The college could investigate unusual prescriptions better if Health Canada licensed marijuana and assigned it a drug identification number, Dr. Wilson said.
In 2008-09, five veterans incurred costs of $19,088, according to VAC. From April to September of this year, marijuana for 3,071 veterans cost the federal government $31-million. VAC said last week it will now limit veterans to three grams of medical marijuana per day, down from 10. Exceptions will be considered for those with authorization from a specialist, the department said.
A report by Auditor-General Michael Ferguson released in the spring found that 53 per cent of all pot prescriptions for veterans were authorized by just four doctors. Michel Doiron, an assistant deputy minister with Veterans Affairs, said one physician had written about 800 medical marijuana prescriptions, almost all for the maximum daily limit.
The department reported the physician to a provincial college, Mr. Doiron said. It also reported a licensed producer to Health Canada over unrelated concerns. Neither resulted in disciplinary action.
The change comes amid concerns about veterans groups receiving kickbacks from licensed producers for referrals, and anecdotal reports of medical marijuana being diverted into the black market.
Ed Schollenberg, registrar for the College of Physicians and Surgeons of New Brunswick, said the college has received only one complaint regarding medical marijuana.
"We have investigated a particular physician quite carefully, even using operatives, to the point of having someone go in with, ostensibly, a problem," he said. "As far as we can tell, everything was done quite carefully, in terms of past history and everything else. We had heard all kinds of crazy allegations, but as far as we can tell, they're not true."
New Brunswick, home to Eastern Canada's biggest military base, has a large population of veterans. Only two of about 1,700 physicians in the province regularly prescribe medical marijuana, Dr. Schollenberg said.

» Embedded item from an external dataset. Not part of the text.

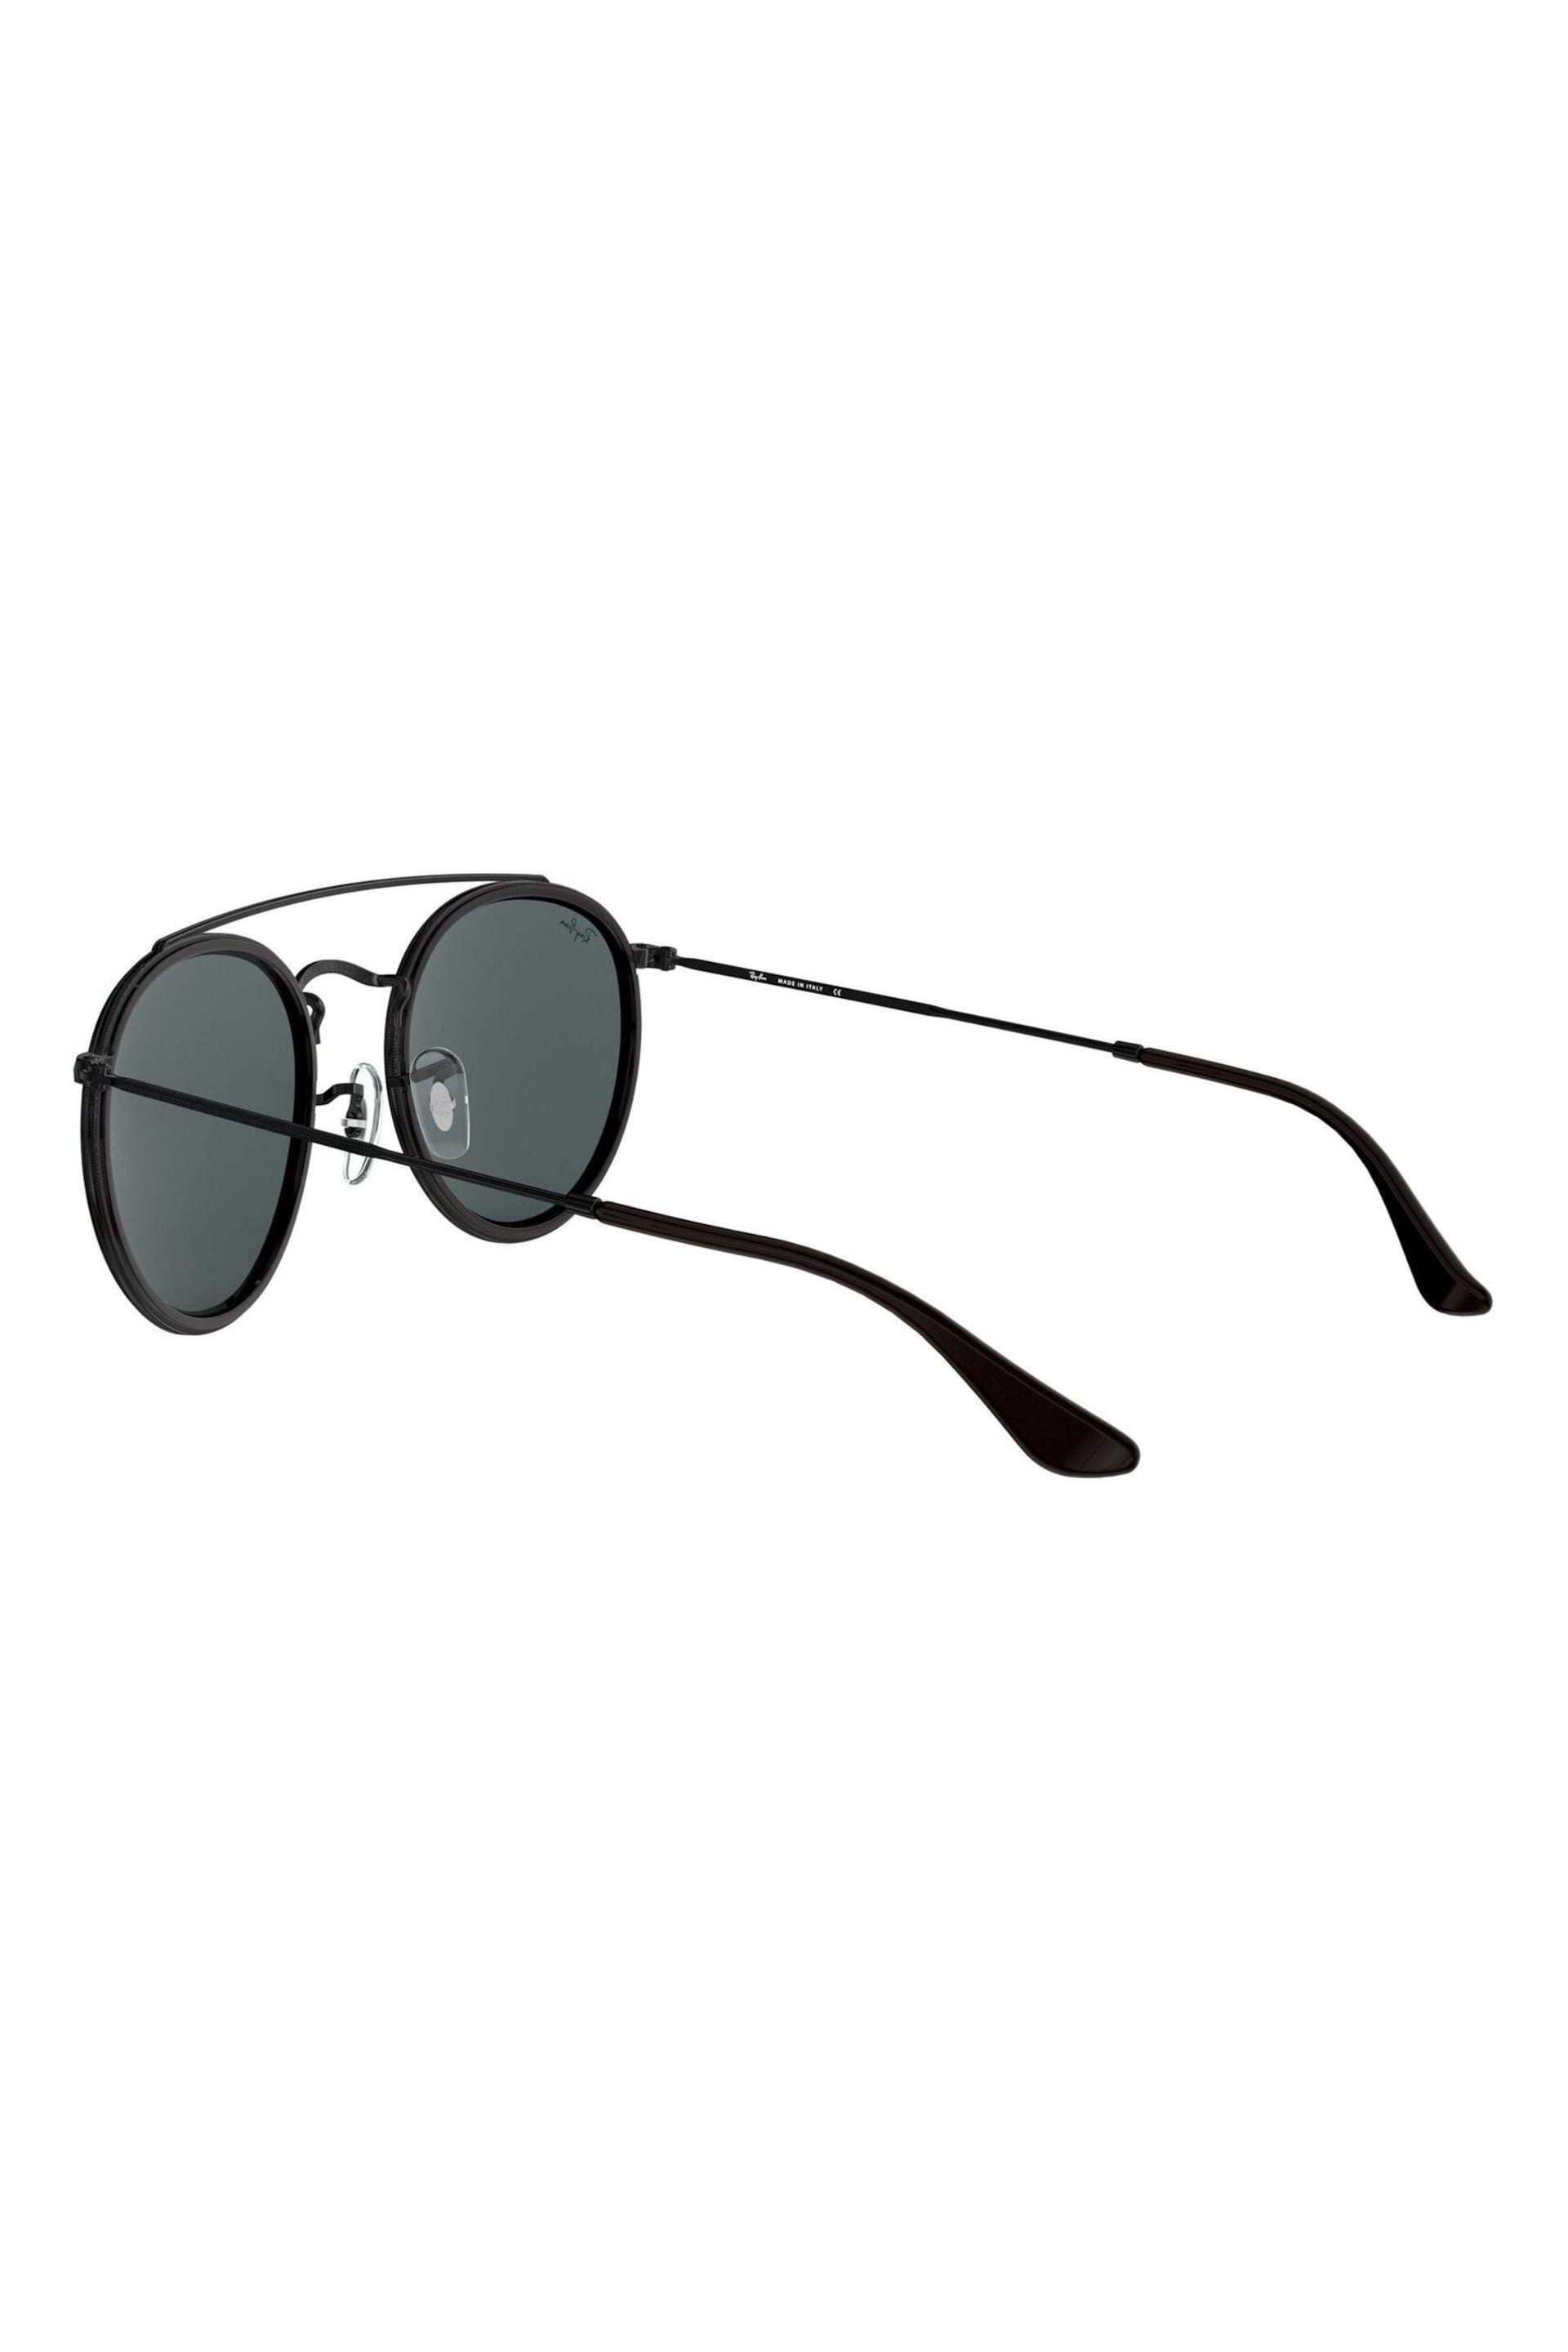 Ray-Ban Round Sunglasses - Image 8 of 14

Producers have said veterans often require more costly strains, or larger volumes, than the average patient because of the more serious nature of their conditions, such as post-traumatic stress disorder.
Dr. Schollenberg would also like medical marijuana treated as other pharmaceutical drugs so the colleges can keep an eye on it.
"Then we would know who has it, who prescribed it, how much they prescribed," he said. "Right now, there is no way to prove double-doctoring. A patient can go to three doctors in a row and send [the prescriptions] to three different growers and get three times the marijuana they're allowed to have. Without a tight database, there's just no way to control that."
In a statement provided by Health Canada media relations officer Gary Holub, the department said it has not been provided with evidence from VAC, nor has it received a complaint, that would warrant a review.
Veteran Fabian Henry, who co-founded the New Brunswick-based advocacy group Marijuana for Trauma, said the new limit is "not even close to being sufficient" for conditions such as PTSD. Mr. Henry was diagnosed with the condition during his second tour in Afghanistan, and said it typically requires seven to 10 grams a day.
"My life is in danger," Mr. Henry said. "It's hard enough to find a doctor to prescribe cannabis. We were fortunate enough to find doctors compassionate enough, and now they're capping doctors at three grams a day."
Colleges in other provinces have not yet responded to questions on the issue from The Globe and Mail.